Он проспал весь день, а затем с ужасом осознал, что почти пропустил обед в кулинарии. Вдруг Марина уже прочла его послание и была там сегодня? Было уже полпервого. Он оделся на скорую руку и помчался в заведение. Линда сначала широко улыбнулась, увидев Марка, но вскоре уголки ее губ опустились. Он был так замучен и подавлен, что она не знала, как к нему подступиться и как поддержать из-за языкового барьера. Тогда она ему просто принесла вишневого пирога, который он так и не попробовал до этого.
— Эта… вкусно… — она попыталась прочесть слова, которые ей говорил переводчик в телефоне. — Пирог. Вкусно.
Марк натянул улыбку и поблагодарил Линду на ломаном английском. Девушка погрустнела. Ей так хотелось с ним поболтать или хотя бы посидеть рядом, а он ее не звал.
— Мэттью Макконахи… сего… дня… груст… ный, — продолжала она читать через переводчик, пытаясь подбодрить Марка.
Его уголки губ чуть вздрогнули, но он так и не улыбнулся, и Линда ушла за прилавок. Изредка она поглядывала на него и не понимала, что такого могло произойти с Марком за один только день. Он не притронулся к пирогу. Он не пользовался телефоном. Но смотрел только в одну точку битый час. И этой точкой была входная дверь и колокольчик над ней.
Марина не пришла. Она не пришла и на следующий день. Марк пытался дозвониться в отдел, чтобы узнать последние новости о Мирославе, точнее, о ее трупе, но никто не брал трубки. После нескольких попыток телефон его напарника и вовсе стал недоступен.
— Они выкинули меня… — прошептал Марк, глядя на новый кусок вишневого пирога. — Линда! — он вдруг позвал девушку, и она испуганно подскочила за прилавком.
— Да, Марк…
Следователь, бывший следователь, сделал глубокий вдох, чтобы найти слова.
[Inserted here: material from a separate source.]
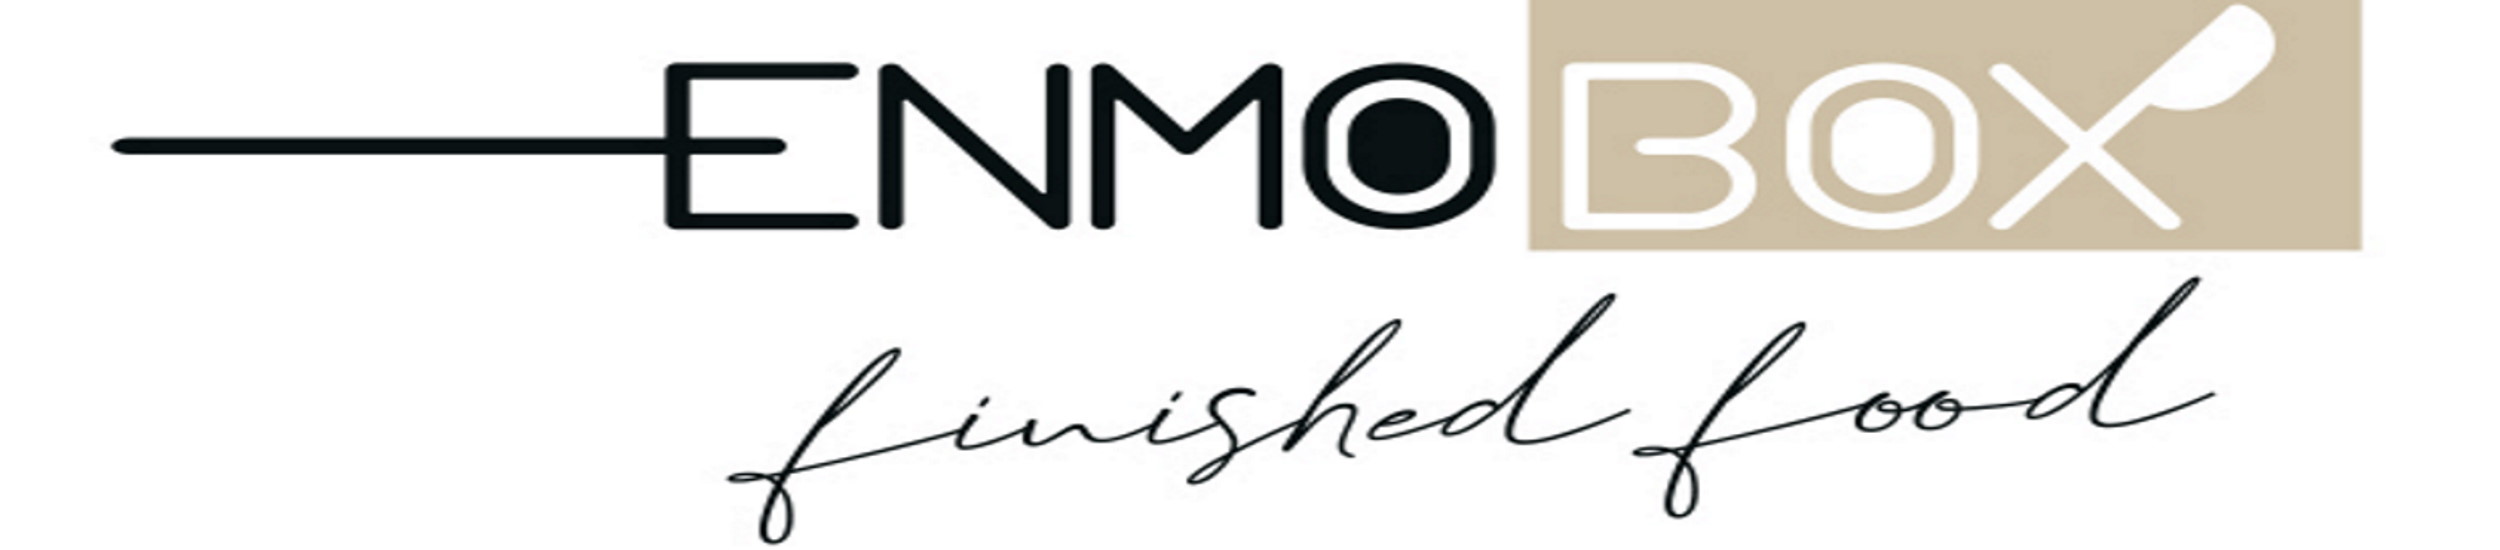 enmoBOX_Logo_Slider

— I… not want… this… no money, okay?
Он не хотел отдавать последние деньги за пирог, которого даже не просил, а она ему все несла и несла.
— Oh! — Линда посмеялась и дотронулась до его плеча. — It’s on the house!
Марк ничего не понял и только разозлился еще больше, не понимая, что в том не было вины Линды. Он смотрел на нее злыми глазами. Они метали молнии.
— For free… — тихо ответила она, пожимая плечами.
Но Марк продолжал пялиться на нее сурово, и тогда не выдержала и Линда. Она схватила тарелку и унесла ее с собой за прилавок. Марк услышал, как зашуршал пакет, а затем что-то громко захлопнулось. Линда выбросила кусок пирога в ведро. Она шмыгнула носом и принялась натирать полотенцем тарелки, которые итак давно были вымыты и вытерты.
Вечером к Марку зашла Марта, чтобы пожаловаться.
— Мне звонила Линда чуть ли не в слезах! За что вы так обидели девочку⁈
— Я не обижал ее! — рявкнул Марк, сидя за ноутбуком: он пялился на экран в ожидании, не напишет ли ответного сообщения Марина. — Почему я должен покупать пирог, который я даже не хочу! И не заказывал!
— Но тот пирог был за счет заведения… — покачала головой Марта. — Вы бы извинились перед девочкой… И вообще… неприлично сидеть в заведении, ничего не заказывая.
— Извинитесь за меня. Я не говорю по-английски, — равнодушно ответил Марк, не отводя взгляда от ноутбука.
Марта ничего не ответила. Только тяжело вздохнула и вышла из спальни. Тогда Марк закрыл ноутбук и вздохнул сам. Ему было стыдно.
На следующий день он пришел в кулинарию с цветами. Он не купил их не только потому, чтобы не тратить деньги, но и потому, чтобы не казаться слишком пафосным. Марк нарвал их в саду у Ирины. С утра он воспользовался переводчиком и даже написал короткую записку на английском: «I’m really sorry, Linda. I’m an asshole.»
Марк пришел в кулинарию намного раньше, чтобы случайно не встретиться с Мариной, пока он не отдаст цветы Линде. Она приняла их спокойно, но без улыбки — она улыбалась уже в подсобке, читая записку, чтобы не видел Марк. Но вишневого пирога в этот раз не принесла, и Марку пришлось заказывать самому.
— Sorry, but we ran out of the Cherry Pie! — она объясняла ему, что вишневого пирога больше нет, и тогда Марк отклонялся назад, щурился, разглядывая витрину — пирог стоял определенно там.
Но Линда качала головой. Марк, наконец, понял эту игру и улыбнулся. Линда улыбнулась в ответ, но все же пирога так и не принесла. Марина тоже не пришла. Тогда Марк думал, что, быть может, она просто не видела его сообщения.